The new NGOs that are really moving the needle are the ones that have found these partnerships to collaborate. The progressive companies are the ones that have found ways to enable shared value in business, rather than see companies as the only player that has to call the shots.

YS: What measures are needed to ensure the companies follow the mandated two percent CSR rule?

AS: It has been three years since companies have been mandated to spend on CSR activities. However, the pattern of spending these funds has not changed as most of the companies splurge on education and healthcare.

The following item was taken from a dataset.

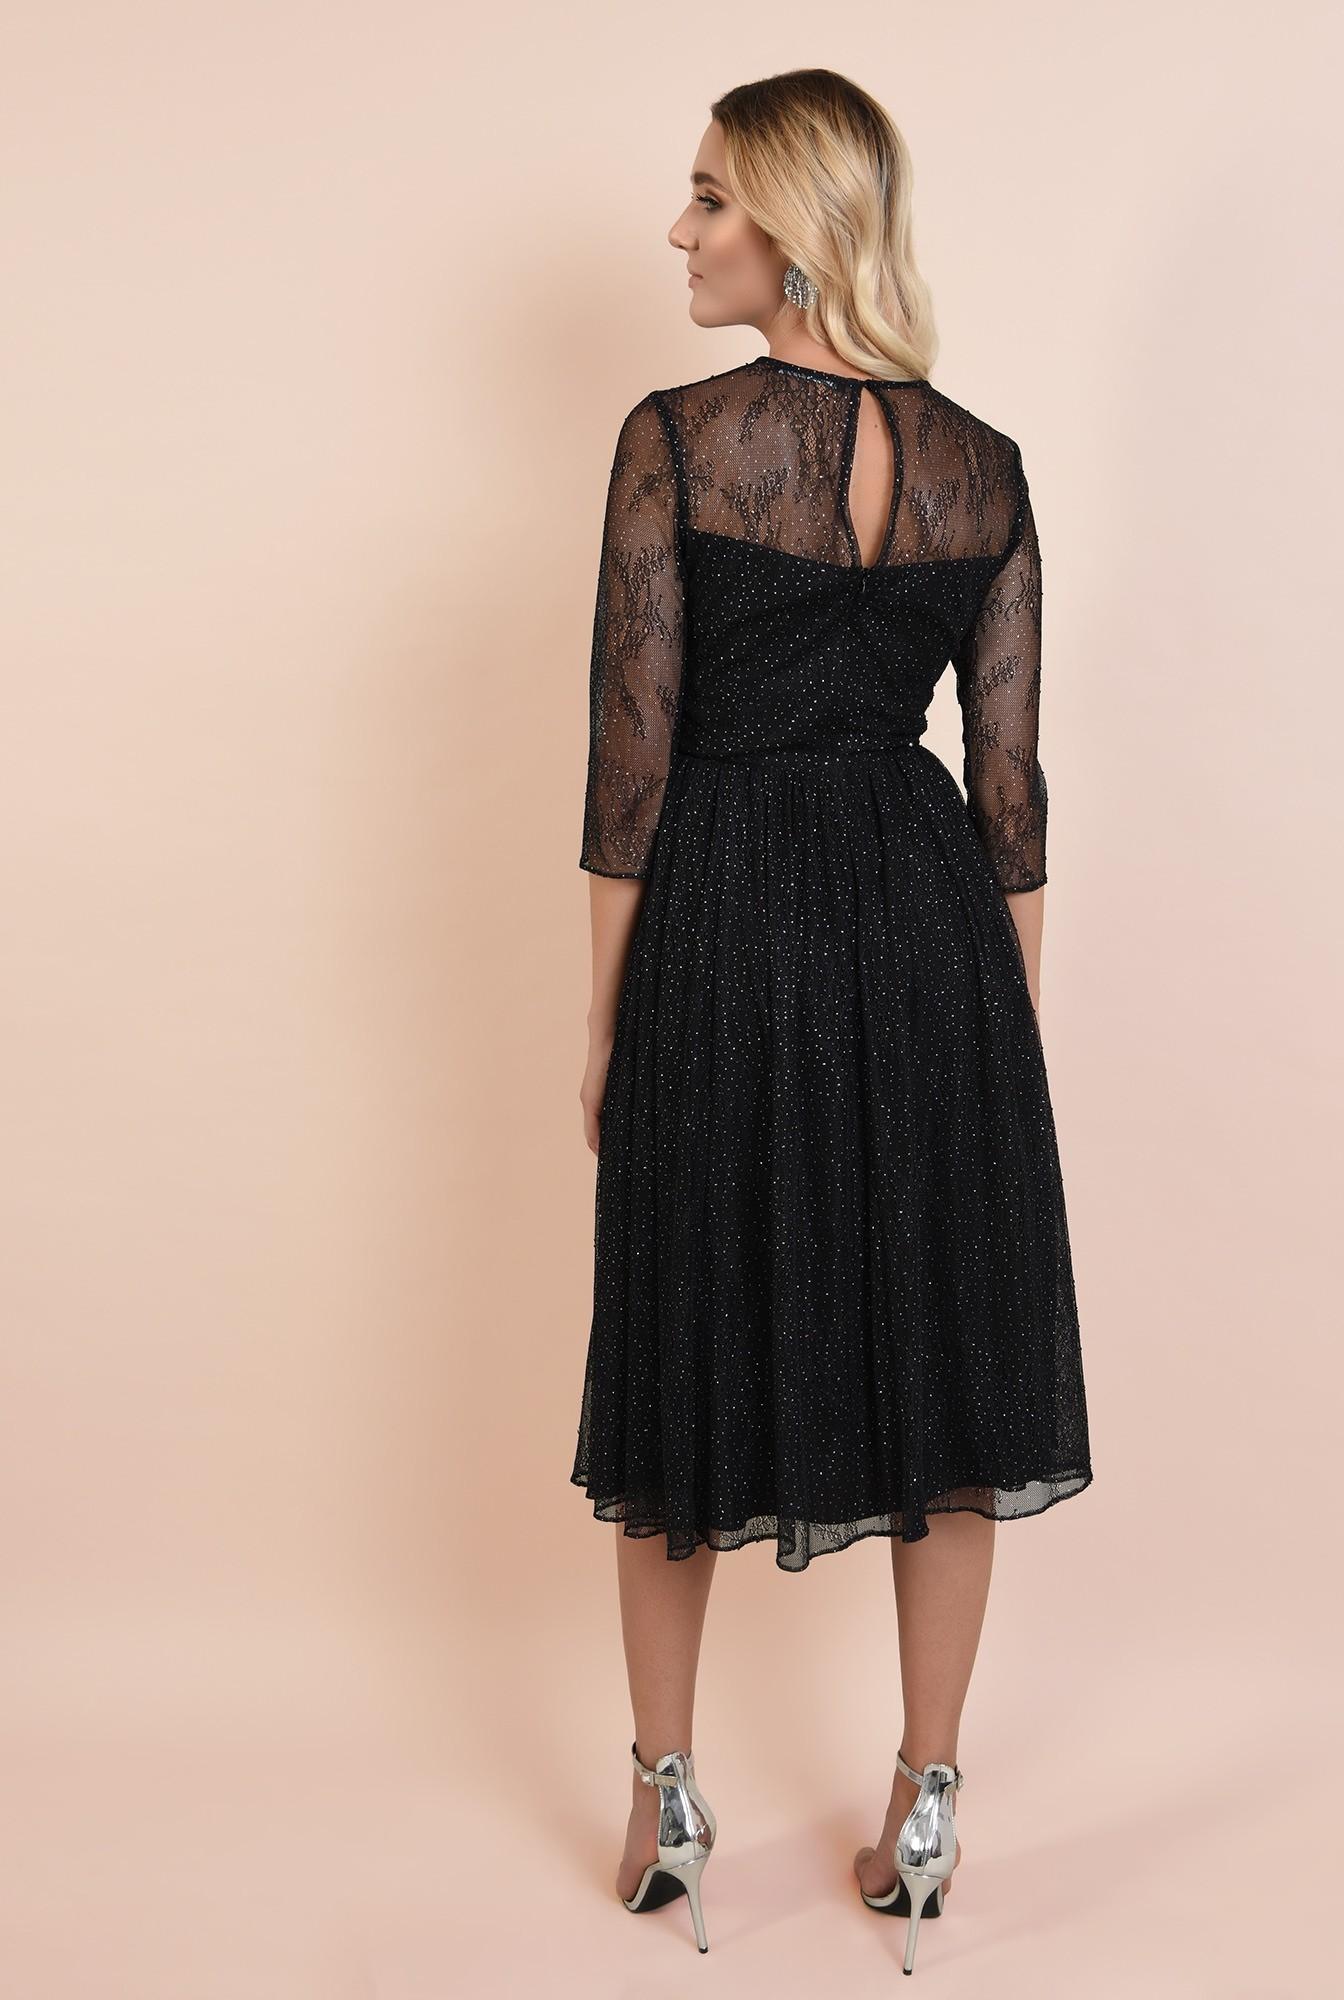 1 - rochie de seara, cu strasuri, broderie, maneci transparente, clos, Poema
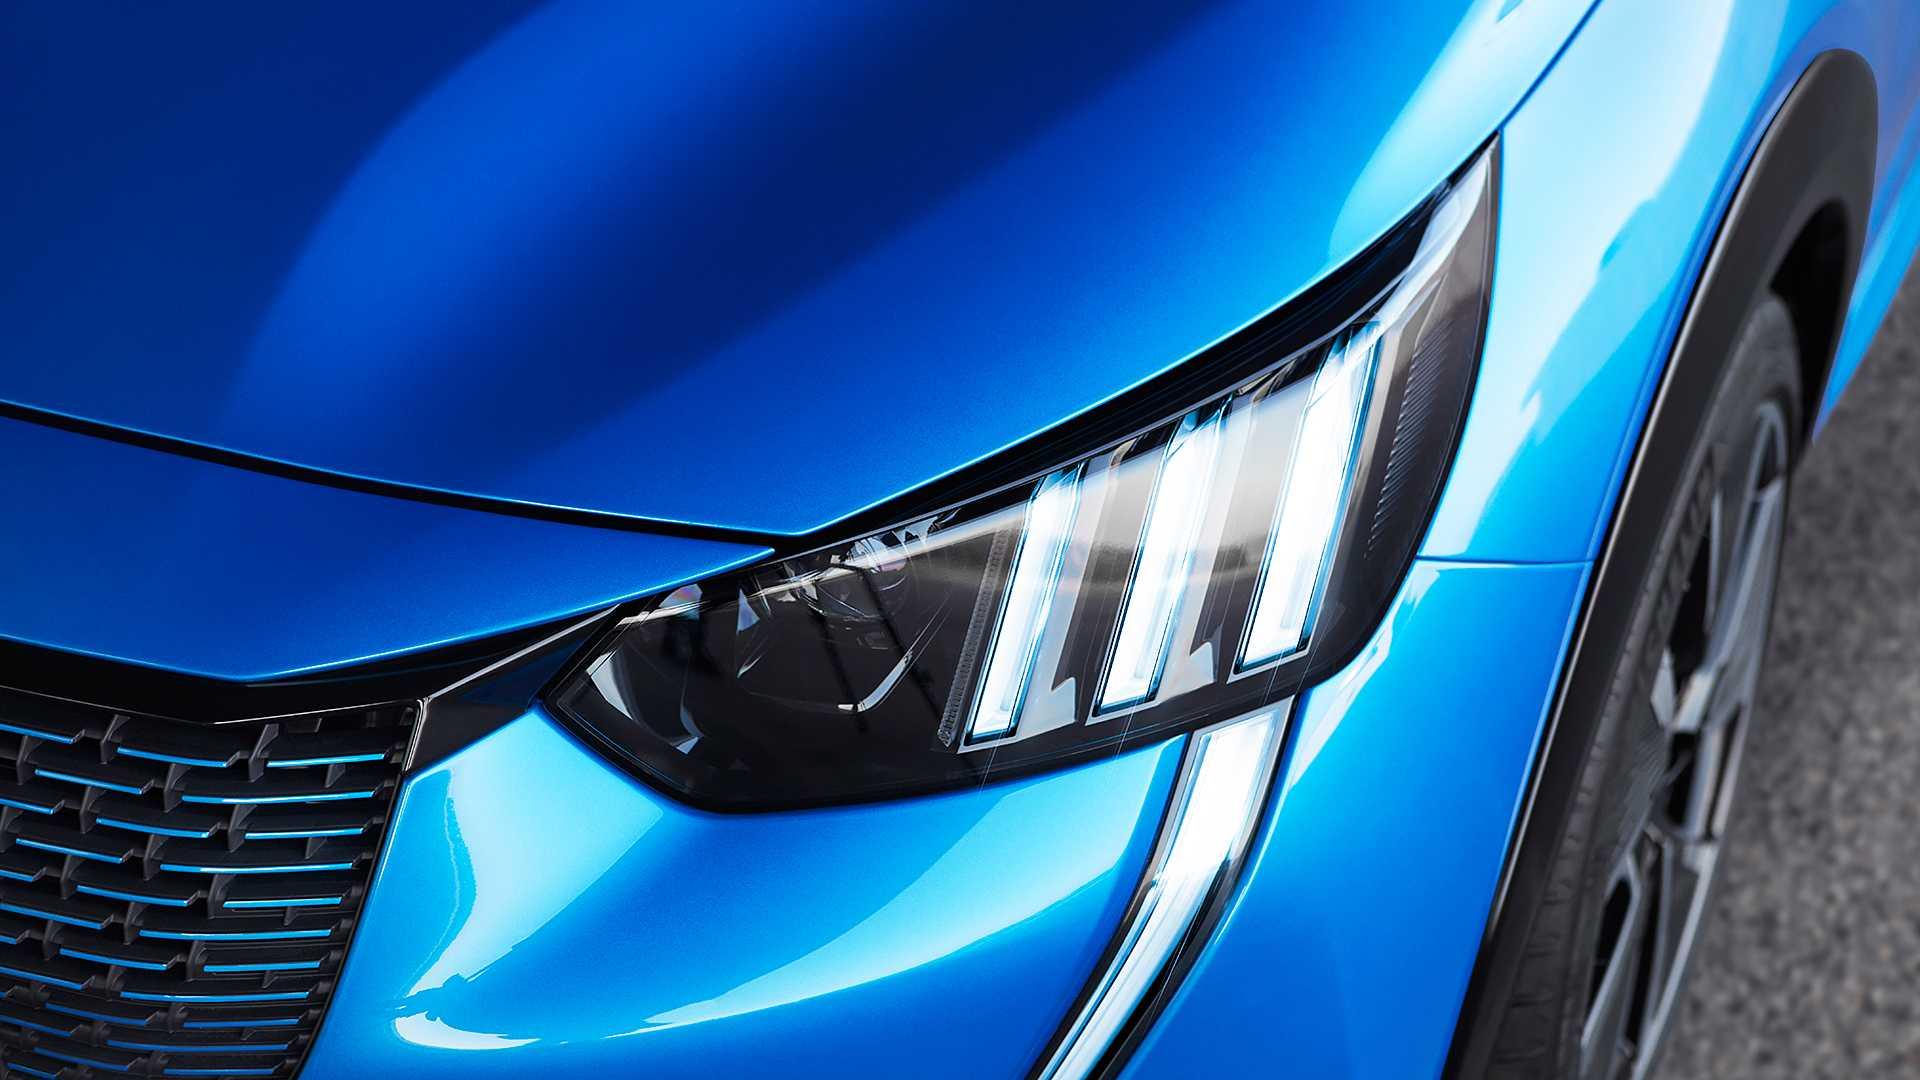 2020 Peugeot e-208 EV Headlight Wallpaper (14)

It is also found that out of the 100 NSE companies listed for CSR, the top 10 companies spend 50 percent of the total fund allocated.

In the very first year, it was found that 266 companies did not spend the prescribed amount on CSR that is almost Rs 2,444 crore in unspent amount. A lot of companies tend to spend more on the promotional aspects than the sustainable implementation of the initiative and efforts.

A basic understanding of societal issues is required, which can streamline the expenditure of CSR. A company cannot just throw money at a cause just because they are mandated by the government to do so. Considering the problems, the spending can be channelised towards achieving the Sustainable Development Goals by 2030.

YS: Why did you choose to focus on the link between CSR and SDG? Where does India stand in the Sustainable Development Goals as envisioned by the UN? Why is it that we have failed to achieve the targets?

AS: Companies and the government should work in coherence to help the country optimise impact towards the Sustainable development Goals and this alignment is required at all levels.

We need to pay attention to this indignation and understand it as a desire for a new model. We must realise that if we respond to it with just mollifying words instead of concrete actions, it will find solutions in populism.